- Born: 20 January 1907 Warsaw, Congress Poland, Russian Empire
- Died: 11 April 1983 (aged 76) Coquitlam, British Columbia, Canada
- Height: 6 ft 2 in (188 cm)
- Weight: 185 lb (84 kg; 13 st 3 lb)
- Position: Defence
- Shot: Left
- Played for: New York Rangers Boston Bruins New York Americans
- Playing career: 1928–1942

= Joe Jerwa =

Polish-Canadian ice hockey defenseman

Joseph Charles Jerwa (22 January 1907 – 11 April 1983) was a Polish-born Canadian professional ice hockey defenceman who played eight seasons in the National Hockey League (NHL) for the New York Rangers, Boston Bruins and New York Americans between 1930 and 1939. He was the first Polish-born player in NHL history.

==Early life==
Jerwa was born in Warsaw, Congress Poland, Russian Empire, on 22 January 1907 to Frank and Anna Jerwa. He had three brothers, Frank, Art, and Steve, all of whom later played hockey, and a sister, Josephine. The family moved to Bankhead, Alberta in 1911, then to nearby Canmore in 1922. He and his brother Frank played for both the Canmore Miners junior and senior teams during the late 1920s.

==Career==
Jerwa's hockey career started during the 1928–29 season with the Vancouver Lions in the Pacific Coast Hockey League (PCHL).
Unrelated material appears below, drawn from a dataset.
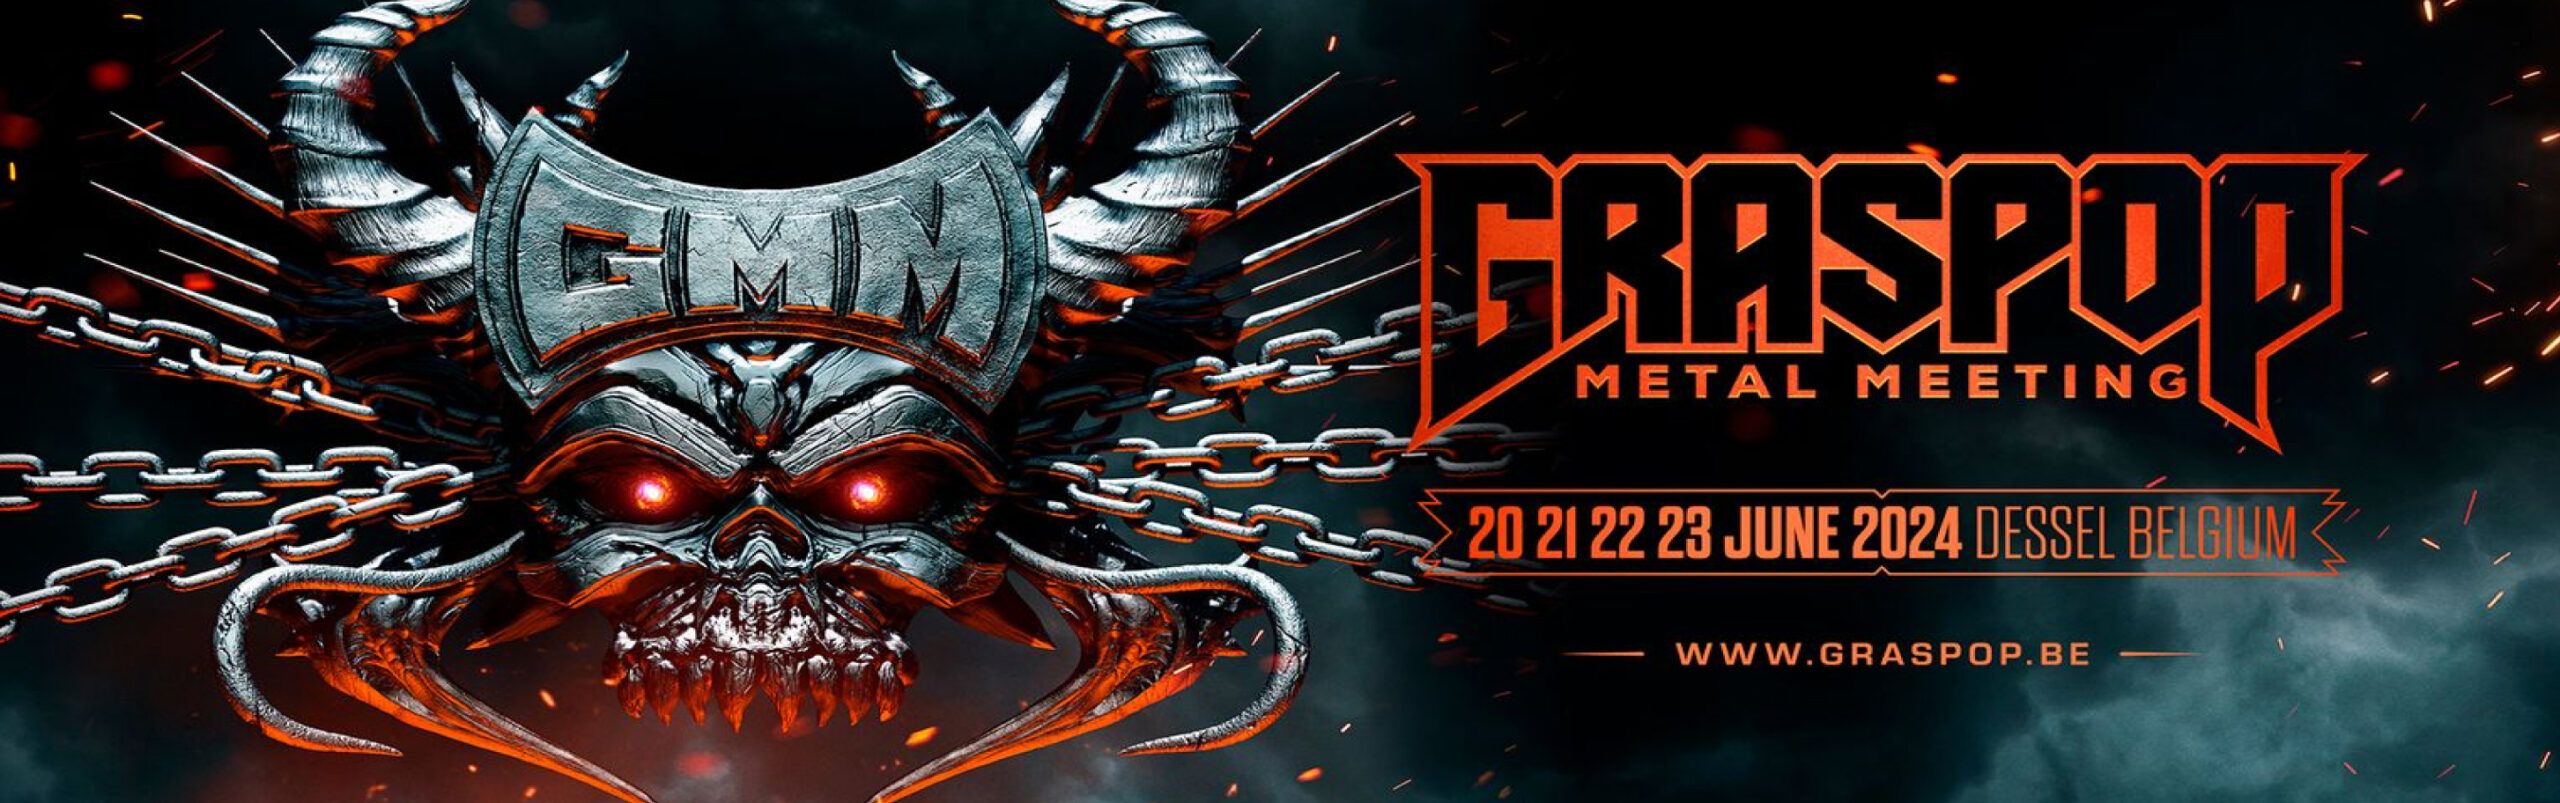 Graspop Metal Meeting header

He played 77 games with them between 1928 and 1930 before being traded to the New York Rangers of the National Hockey League (NHL) along with Red Beattie for $25,000. He played nine games for the Rangers' Can-Am affiliate, the Springfield Indians, before being recalled in December 1930. His NHL debut was on March 17, 1931, in the Rangers' game against the Ottawa Senators, where he recorded an assist with a pass to Butch Keeling during the second period. He played 37 games for New York during the 1930–31 season.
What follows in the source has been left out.